Division of Gastroenterology, Department of Internal Medicine, Hanyang University Medical Center, Seoul, Korea.
J Neurogastroenterol Motil. 2010 Apr;16(2):120-30. doi: 10.5056/jnm.2010.16.2.120. Epub 2010 Apr 27.

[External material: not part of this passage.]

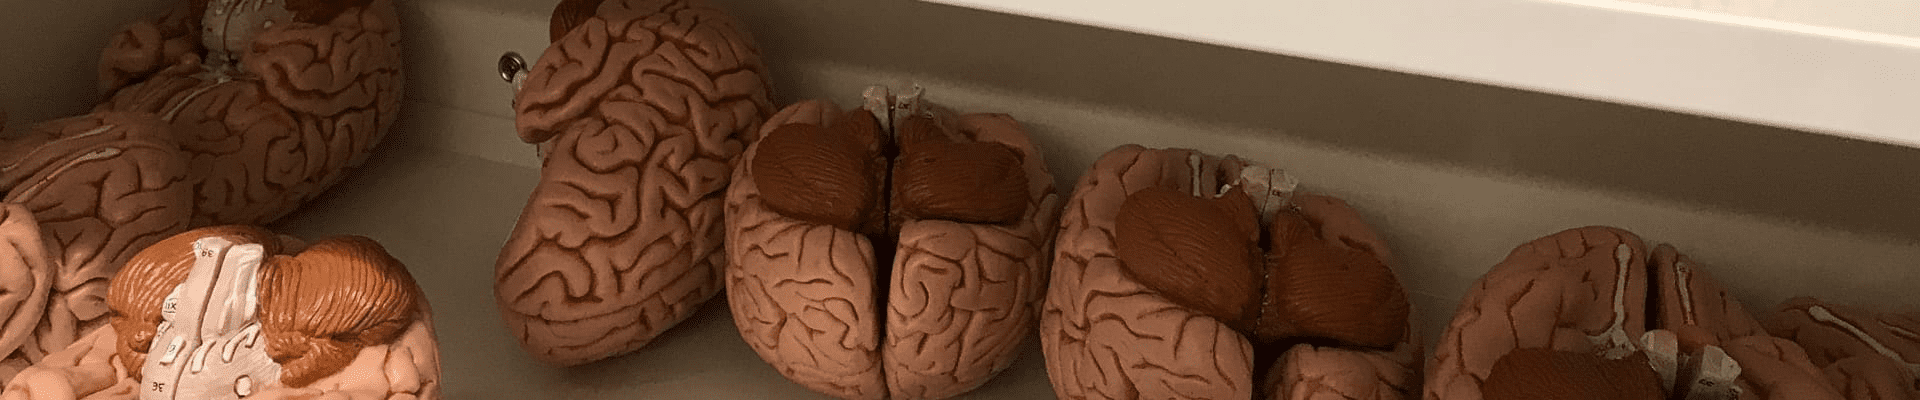 models of brains

Altered motility remains one of the important pathophysiologic factors in patients with irritable bowel syndrome (IBS) who commonly complain of abdominal pain and stool changes such as diarrhea and constipation. The prevalence of IBS has increased among Asian populations these days. Gastrointestinal (GI) physiology may vary between Asian and Western populations because of differences in diets, socio-cultural backgrounds, and genetic factors. The characteristics and differences of GI dysmotility in Asian IBS patients were reviewed. MEDLINE search work was performed including following terms, 'IBS,' 'motility,' 'transit time,' 'esophageal motility,' 'gastric motility,' 'small intestinal motility,' 'colonic motility,' 'anorectal function,' and 'gallbladder motility' and over 100 articles were categorized under 'esophagus,' 'stomach,' 'small intestine,' 'colon,' 'anorectum,' 'gallbladder,' 'transit,' 'motor pattern,' and 'effect of stressors.' Delayed gastric emptying, slow tansit in constipation predominant IBS patients, rapid transit in diarrhea predominant IBS patients, accelerated motility responses to various stressors such as meals, mental stress, or corticotrophin releasing hormones, and altered rectal compliance and altered rectal accomodation were reported in many Asian studies regarding IBS. Many conflicting results were found among these studies and there are still controversies to conclude these as unique features of Asian IBS patients. Multinational and multicenter studies are needed to be performed vigorously in order to elaborate characteristics as well as differences of altered motililty in Asian patients with IBS.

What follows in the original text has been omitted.